У каждого крыльца пес лежит, добро сторожит. А псы - с волками в родне: свирепы, грудасты, толстолапы.

Народ на Шуньге дружный, смирный, каждый равняет свою жизнь по соседу. Кого ни возьми - все родня, все свояки, с одного корня. Лобасты все, с крепкими крутыми надбровьями и уши у всех мелкие, лесные, к затылку крепко прижаты. Три фамилии всего на Шуньге - Извековы, Скомороховы да Яругины, других нет.
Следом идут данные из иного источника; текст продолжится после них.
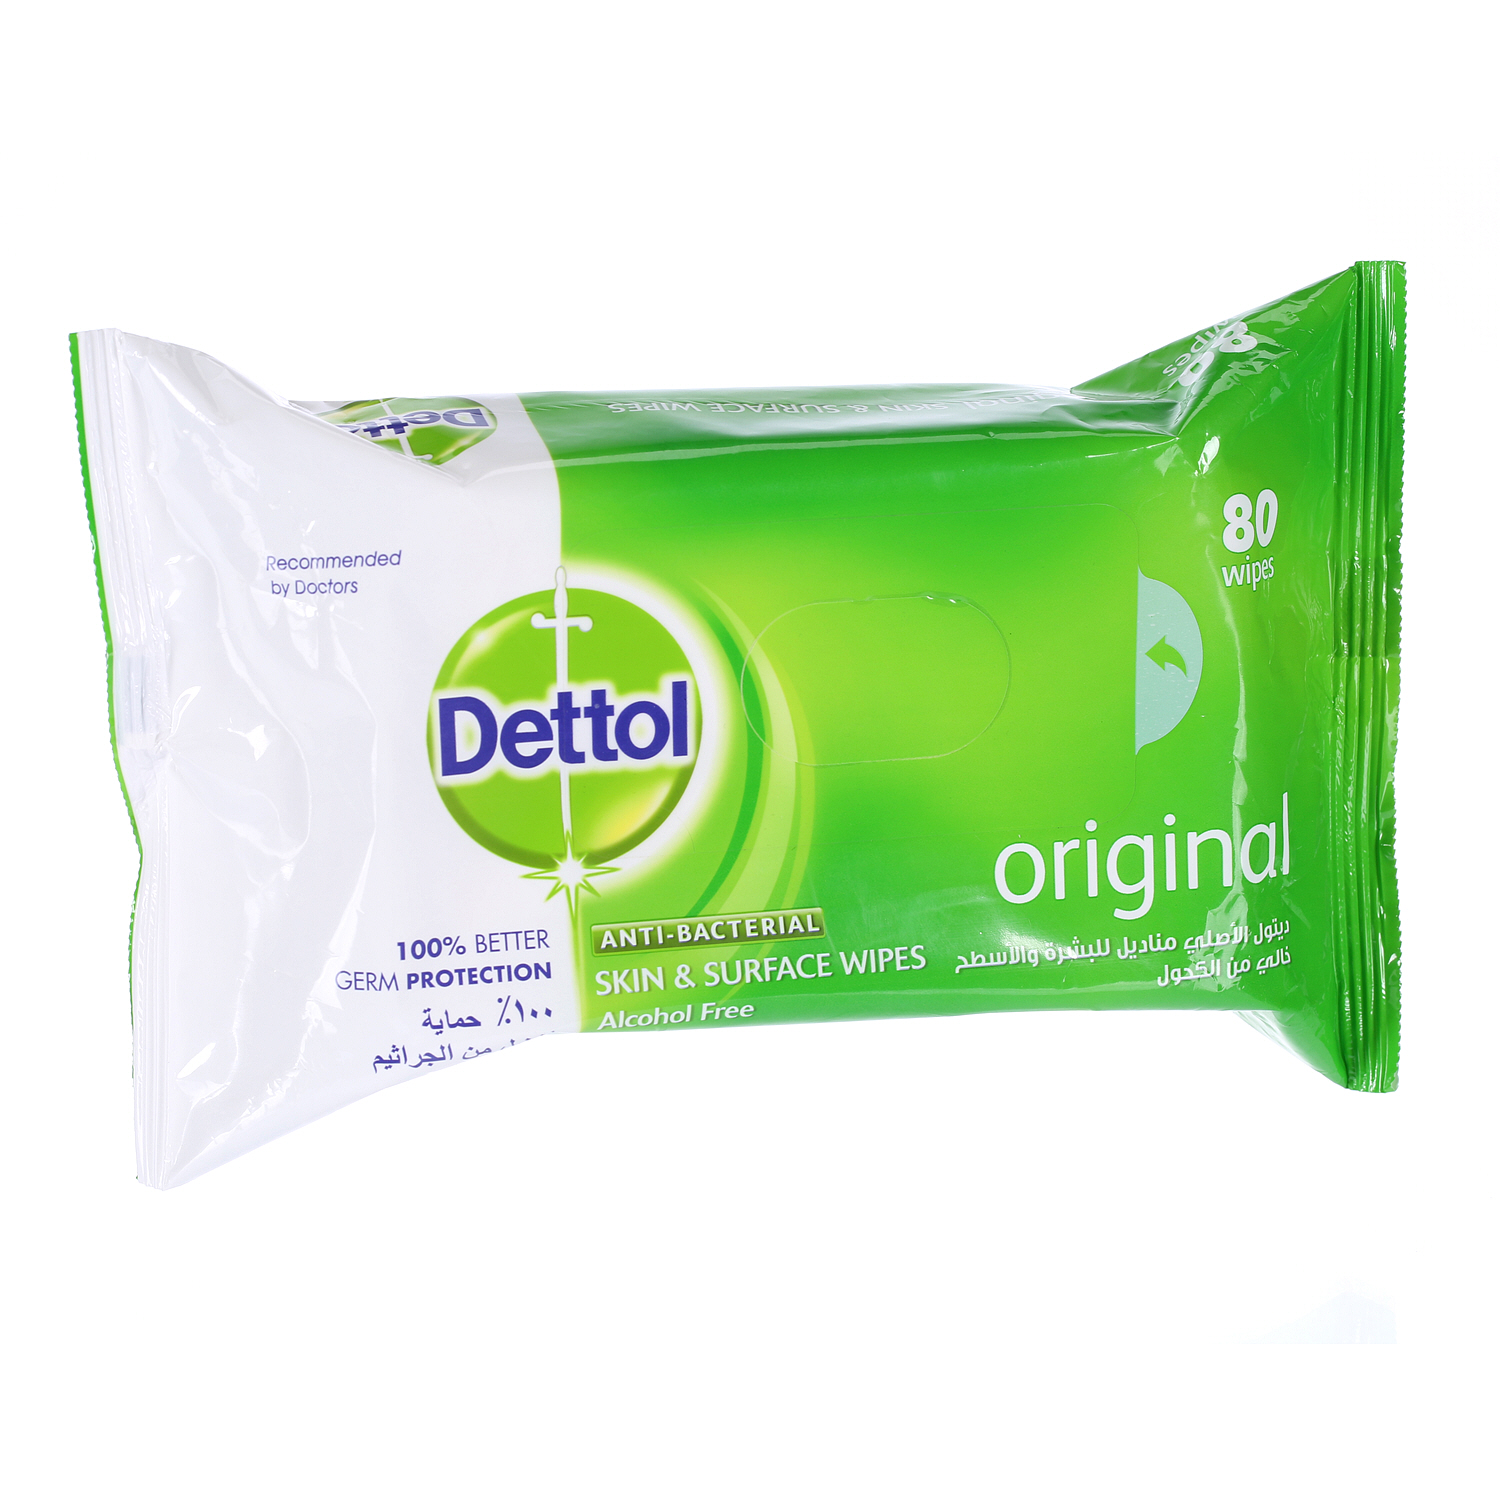 Dettol Antibacterial Wipes 80 Wipes

Фамилии-то хоть и разные, а сватаны-пересватаны, женились-переженились, - одна кровь, одна кость.

Только пастух Естега, цыган-мыган, приблудный человек, никому не свой. За то и помыкают все Естегой, насмешки строят, никто не заступится. Ребята малые и те проходу не дают:

- На плешь капнешь, по плеши тяпнешь, волосы секутся, округ плеши вьются, сопли текут - Естеге капут.

И норовят в Естегу камешком шибануть. И надрал бы ухо, да боится, не свой в деревне, что поделаешь. Только пугает:

- У, мудведь идет ужо! Мудведь вузьмет!

Сталоверами ругает Естега здешний народ - богомольны да строги очень, на каждом углу кресты срублены, у каждой околицы матерой - о восьми концах, о четыре тяжелых чурки крест стоит, - в крестах живут. Не простой народ, с прижимом, лешаки, иконники-законники. Есть сядут, так и тут не просто: ложкой зачерпай из чашки, когда черед дойдет, не обнеси, а то от старика ложкой в лоб. А в блюдо не лезь, пока старик не помолитвовал, да за едой не смейся, да слова какого не скажи. Да все со крестом, с молитвой.

Своего попа нет, так достают за сорок верст, - не ленивы, а поп приезжать любит, - хорошо встречают, хорошо провожают на богатой Шуньге.

Поп-то для дороги не особенно подходящий - пудов на десять, - главное, что на лодченке не возьмешь, гони ему карбас, а с карбасом по Гледуни взад-вперед тяжело, хлопотно. Тяжело хоть, а возят.

И сей год на первый спас порядила Шуньга Епимаха Извекова привезти попа обедню отпеть. Был Епимах на Шуньге первый старик, вроде старосты, и ключ большой часовенский висел у него под божницей; прилежный к церкви человек, кому лучше за попом ехать, как не ему.

Поехал. Тем временем вина, пива все ставили, котла, чугуна по деревне не доищешься. Бабы пироги пекли, рыбники с семгой загибали, сочни скали, колоба катали. Первый спас на Шуньге пасхи поважнее.

Привез Епимах попа, больно тяжел поп, чуть не ухойдакались на Крутом падуне, да бог спас. Себя не пожалел Епимах, грудью лег на весла, оба уключья вывернул, а выбрались из ямы.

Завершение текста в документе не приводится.